Although lytic cycle phage particles were found in HLB-affected plant samples30, only Las prophage FP1 encodes putative lysis genes (gp_110, gp_035). Yet our data showed that FP2 copy number increased similarly to FP1, despite the lack of putative lysis genes in FP2. The Las chromosome itself encodes a lytic enzyme (CLIBASIA_04790); further study should determine whether excision of FP1 and FP2 relies on the Las chromosomal endolysin and/or the FP1 putative endolysin. Slight temporal differences between FP1 and FP2 induction, as observed with 42 °C temperature shift (e.g., Fig. 2b), suggest that there may be small differences in their regulation. Future studies should identify the mechanisms underlying these differences.

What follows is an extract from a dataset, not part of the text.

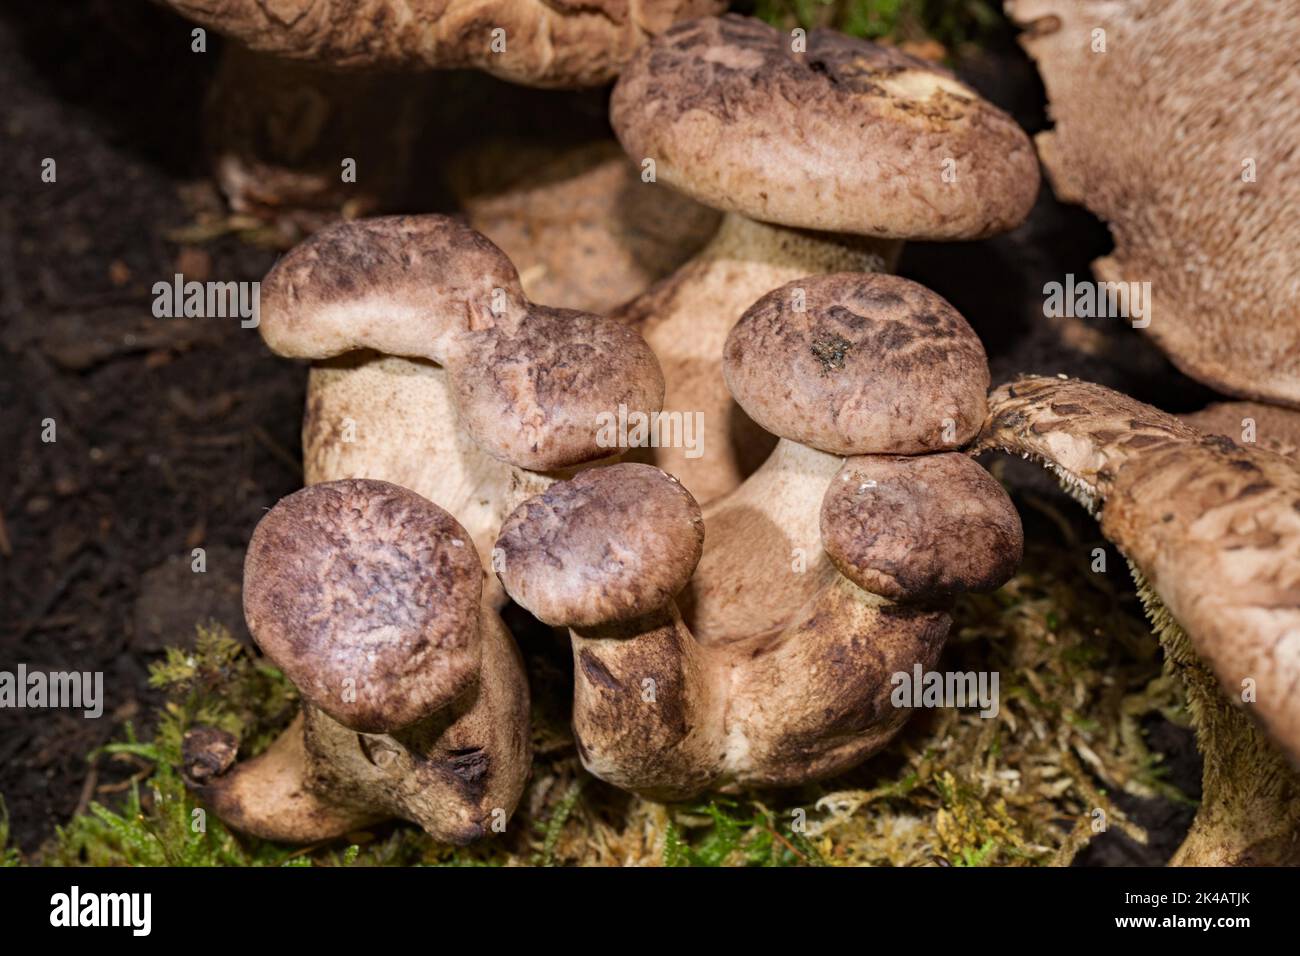 Hawk mushroom some fruiting bodies with grey-brown stems and caps Stock Photo

Another direction for future study relates to the sometimes disparate results obtained with the two primer sets for FP1 (gp110, gp235) or FP2 (gp240, gp065). We used two primer sets for each phage because Las prophage regions are known to be highly variable (data not shown), and owing to this variability, it is unclear which gene’s copy number most accurately reflects the true phage copy number. Further studies may clarify how the copy number of specific phage genes correlates with the overall number of phage particles.

In conclusion, both heat treatment and tetracycline can induce FP1 and FP2 conversion. Although heat treatment and tetracycline have been demonstrated to be effective against HLB, this is the first study to suggest a possible molecular mechanism, in addition to citrus host transcriptional or metabolic defensive responses to stress conditions. All together may contribute to the elimination of Las. Our results suggest a potential mechanism for the activity of heat treatment and antibiotics against HLB, wherein induction of Las prophages causes lysis of Las bacteria, reducing Las population and thus HLB symptoms in citrus trees.